|DTI sponsored 3 gun competitor Michael Chambers with PRI adjustable gas block|
Depending on your application, the standard or F-marked front sight base found on a "stock" AR-15 may not be the best option. It works, and does it well. However, if you want to install a low magnification scope-low on the upper receiver or desire to increase the sight radius on a carbine or mid length, a different gas block may be the better choice. In this post, we will discuss gas block types (we will put them in 3 categories) offered at Del-Ton and which ones would best fit the way you use your rifle.
The first type we will discuss is the low profile gas block. These are typically a small, steel cylinder that mounts with set screws or clamp screws at the bottom of the part. DTI carries a couple of models from brands like PRI, Daniel Defense, and YHM. There is also an adjustable model from PRI that can help ensure the proper amount of gas is channeled for cycling with supressors or different ammunition types. One of the main benefits of this style of gas block is that it allows for the use of a longer free-float handguard on the particular gas system. If you have a carbine gas system, a mid-length or rifle-length handguard can be installed that runs well past the gas block. This allows additional room for mounting accessories and a longer sight radius if a flip up front sight is used on the handguard.
Railed gas blocks can be beneficial in that they provide M-1913 picatinny rail space for the addition of sights or accessories directly to the gas block. Because heat can be transferred to the gas block, only accessories made of metal should be attached. It is important to remember to select a front sight designed for a gas block so that it will properly align with rear sights (typically, the top rail on gas blocks is a bit lower than those on railed handguards). DTI carries single rail (one rail on the top), two rail (one on top, and one on the bottom), and four rail gas blocks in this style. Again, the main advantage here would be no fixed front sight to disturb the sight picture of optics with low magnification or a low mounting profile.

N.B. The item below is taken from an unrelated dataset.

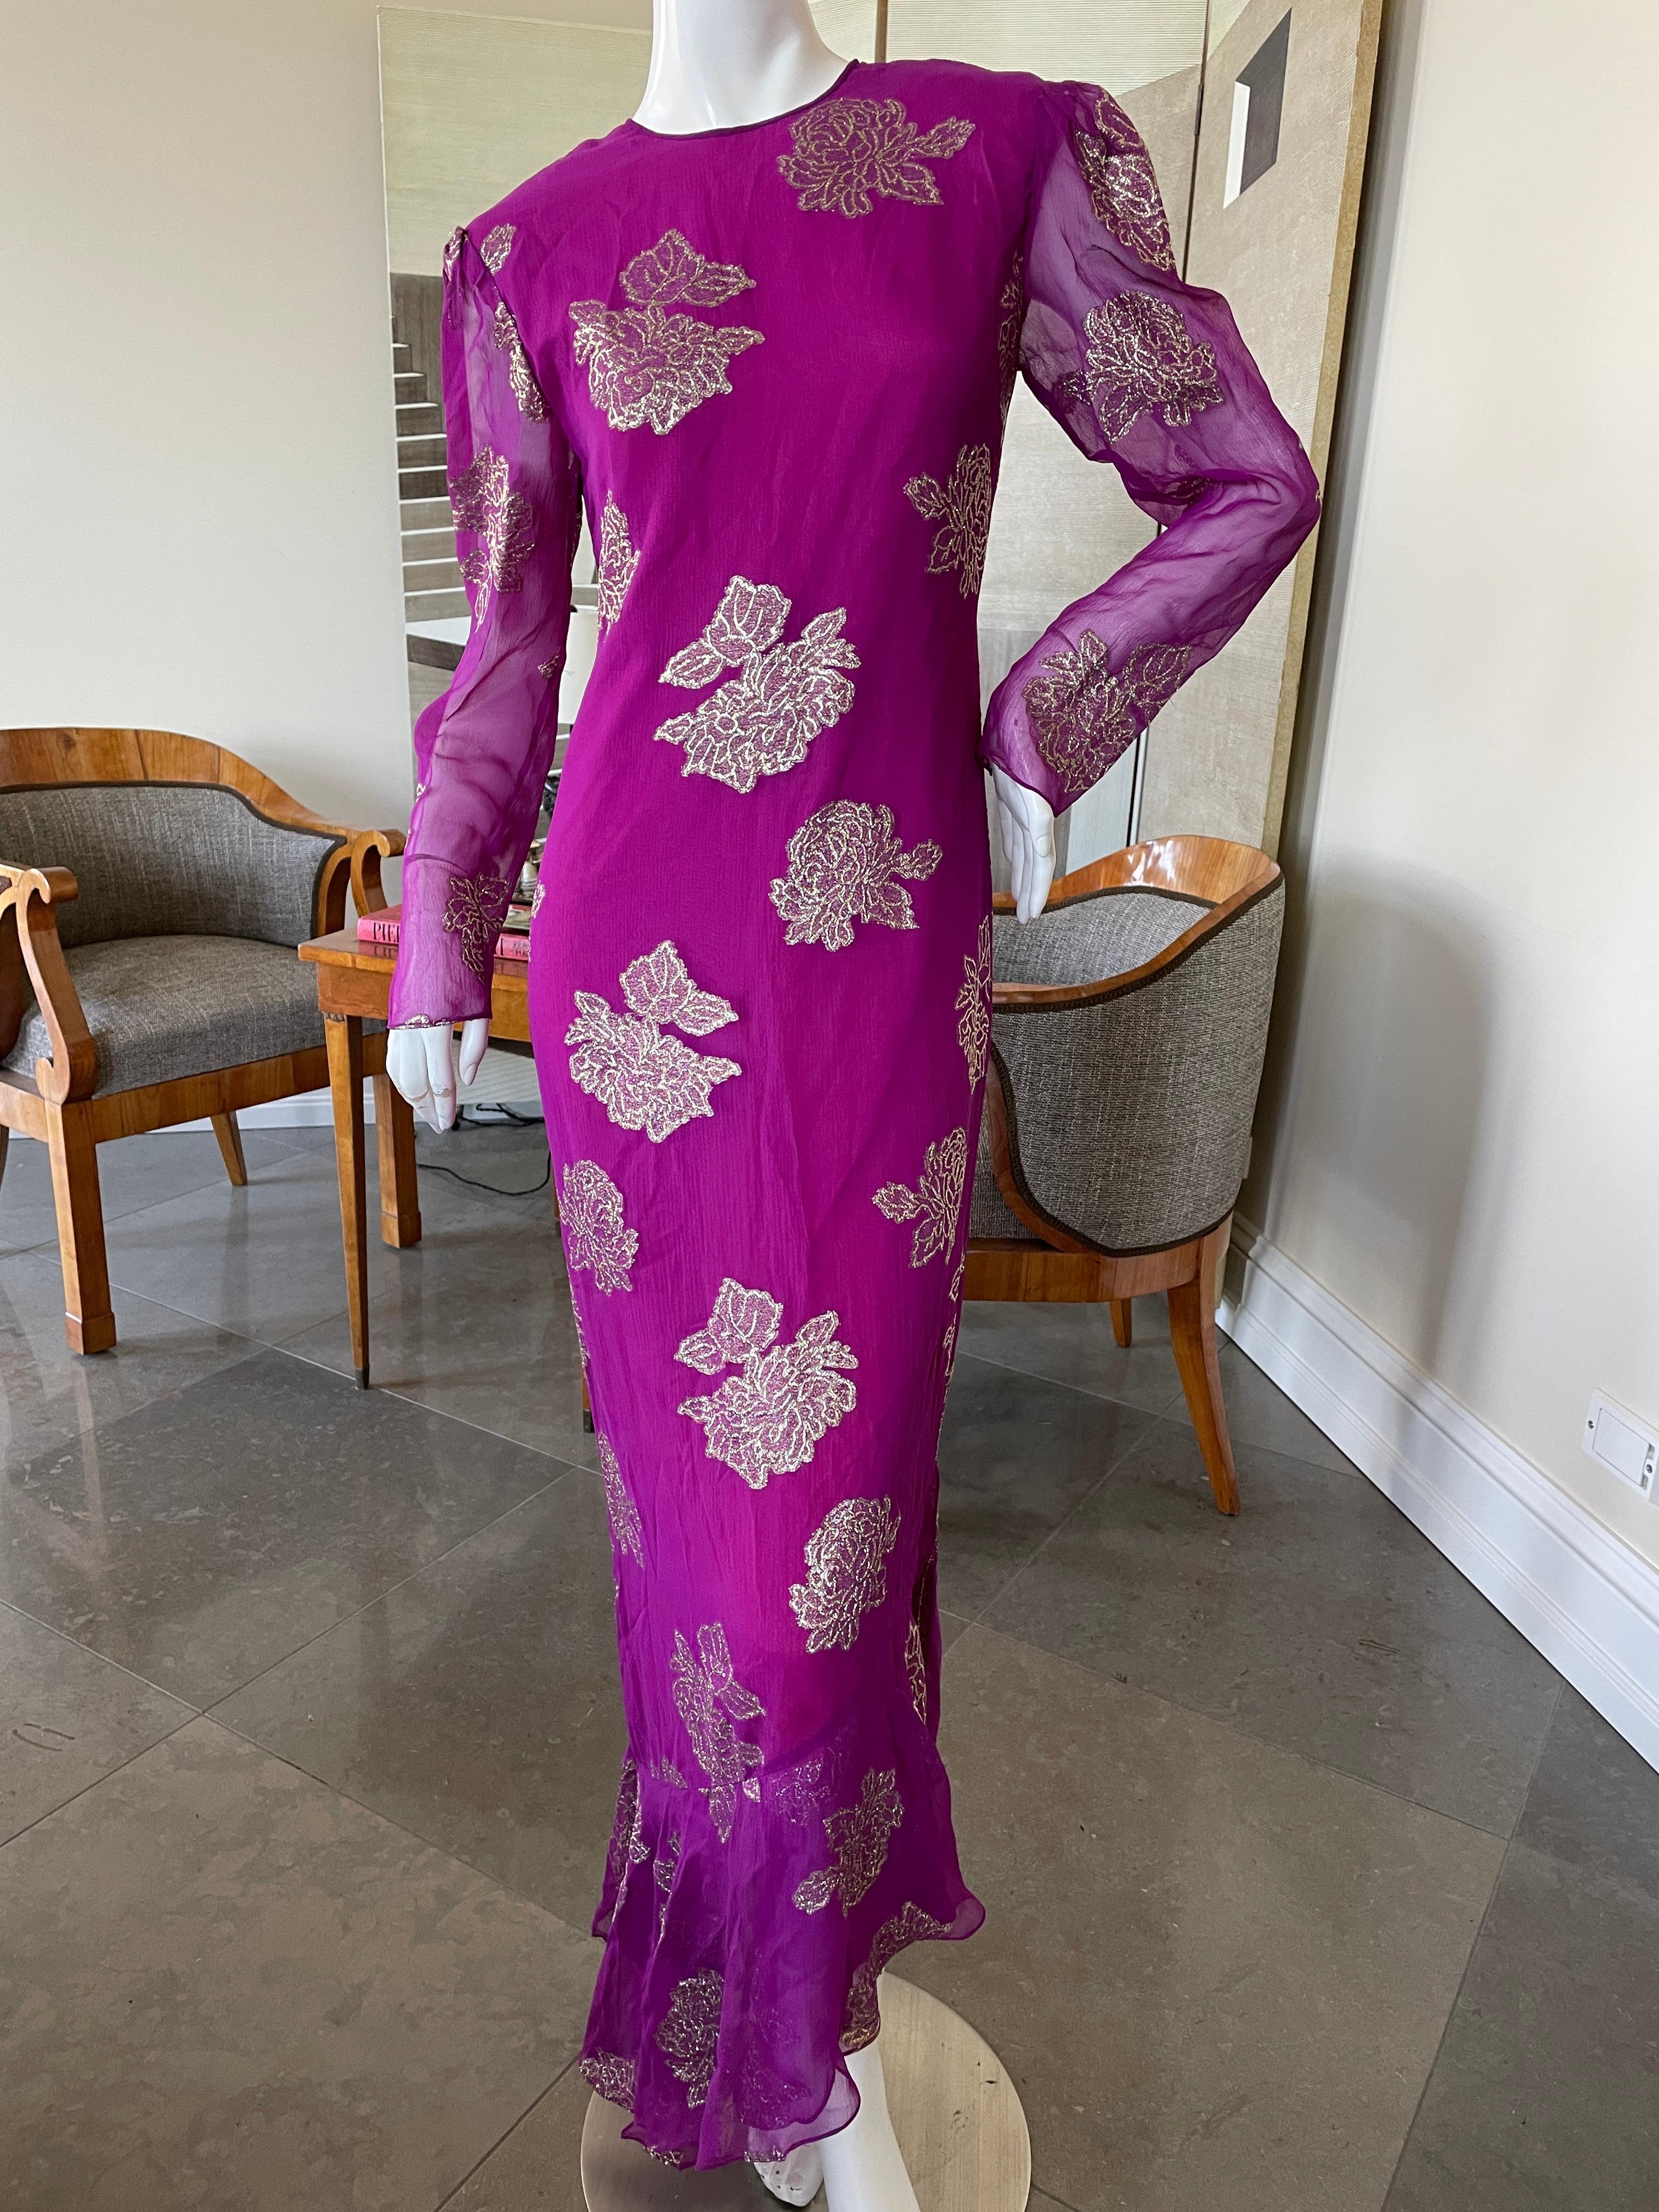 Hanae Mori Deep Pink Silk Chiffon Gold Chrysanthemum Pattern Dress In Excellent Condition For Sale In Cloverdale, CA

Installation of these is simply a matter of removing the muzzle device and the front sight base. DTI front sight bases are installed with taper pins and these should be driven out from the bolt assist aside of the weapon. A larger punch should be used first to get the pins "moving" and then a smaller punch can be used to finish tapping them out. A front sight base bench tool, like those sold at Brownells, is extremely handy for this task. Be sure to remove the gas tube roll pin and gas tube gently so that they can be reused if needed in the gas block (however, this is an excellent time to install new parts if you are concerned about their condition). It is typically easier to install these in the gas block before mounting the gas block on the barrel. It is also important to note that a low profile gas block may not cover the mark in the barrel where the front taper pin was installed. Most of the railed and flip up front sight gas block models will cover both of the marks left by the taper pins for a more aesthetically pleasing appearance. Finally it is imperative to make sure the gas block is properly aligned over the gas port and in line with the upper receiver to ensure proper functioning.